Columns — Effective (Equivalent) Length For a column with one end fixed and the other end hinged (pin), what is the correct relation between equivalent length L and actual length l?

Introduction:
Euler buckling strength depends on the effective (equivalent) length, which incorporates end restraints.
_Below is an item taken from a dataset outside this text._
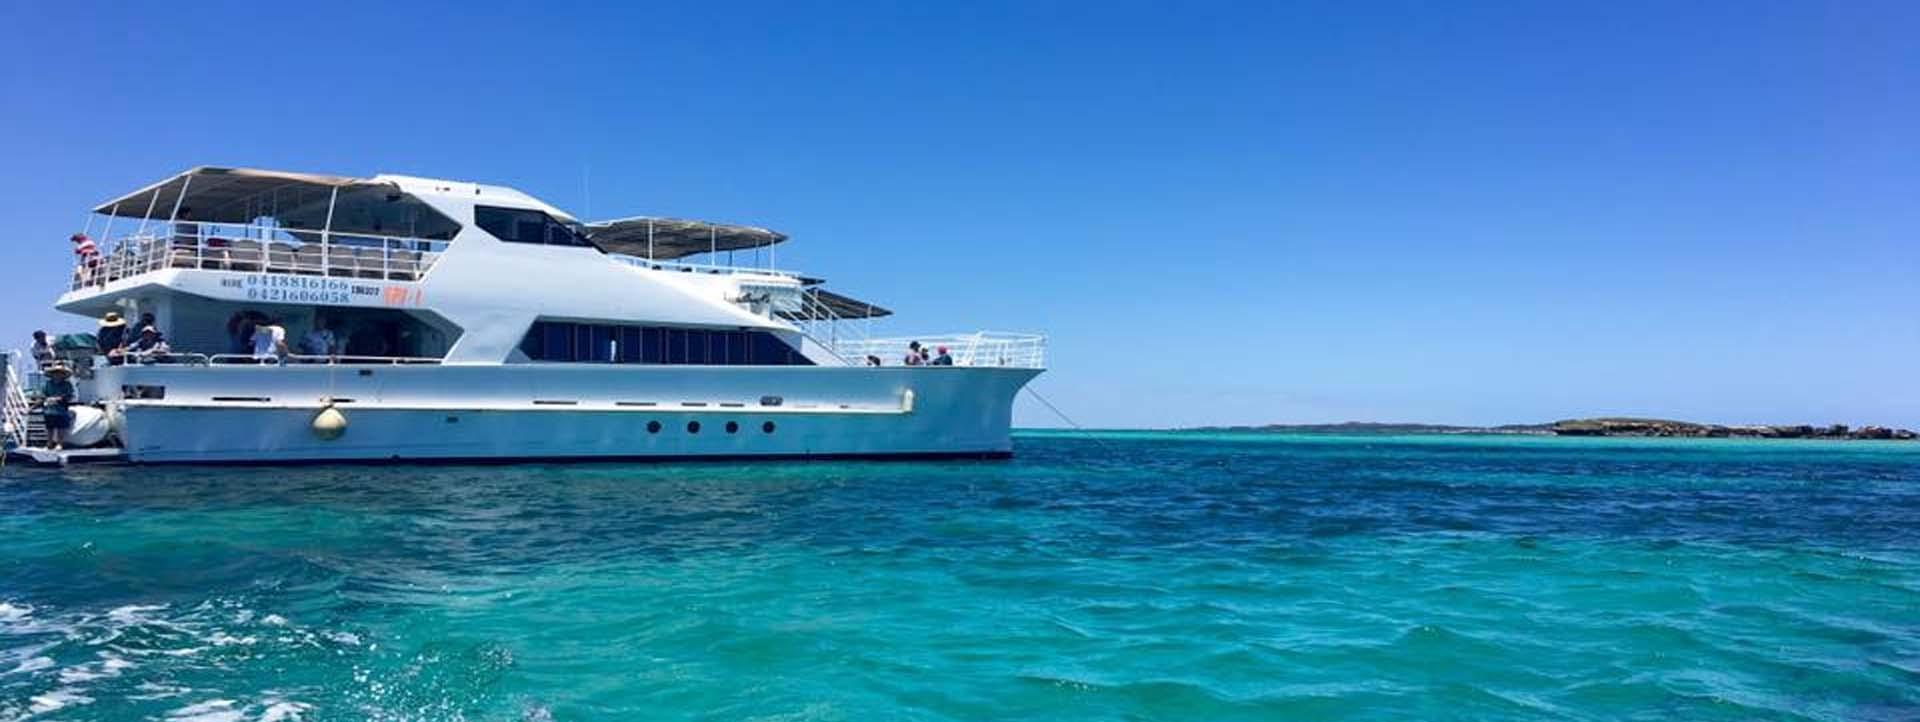 SPIRIT OF LOVE boat profile side

Different end conditions lead to different buckling half-wavelengths, captured by L = K * l, where K is an end-condition factor.

Given Data / Assumptions:

• Straight prismatic column, elastic behavior.
• One end fixed (no rotation, no translation), other end hinged (rotation free, no translation).
• Axial concentric compression.

Concept / Approach:
For fixed–pinned columns, the end-condition factor K is approximately 0.7. In many exam standards, this is exactly taken as 1/√2 ≈ 0.707. Thus, the equivalent length L = K * l = l/√2.

Step-by-Step Solution:
General Euler: P_cr = (pi^2 * E * I) / (L^2)Introduce L = K * l for end restraints.For fixed–pinned: K ≈ 0.7; widely tabulated as K = 1/√2.Therefore L = l/√2 gives the correct effective length.

Verification / Alternative check:
Compare to other cases: pinned–pinned K = 1, fixed–fixed K = 0.5, fixed–free K = 2. The value for fixed–pinned fits this sequence.

Why Other Options Are Wrong:
L = l/2: corresponds to fixed–fixed, not fixed–pinned.L = l: corresponds to pinned–pinned.L = 2l: corresponds to fixed–free (cantilever).

Common Pitfalls:
Memorizing formulas without linking them to end restraints and mode shapes.

Final Answer:
L = l/√2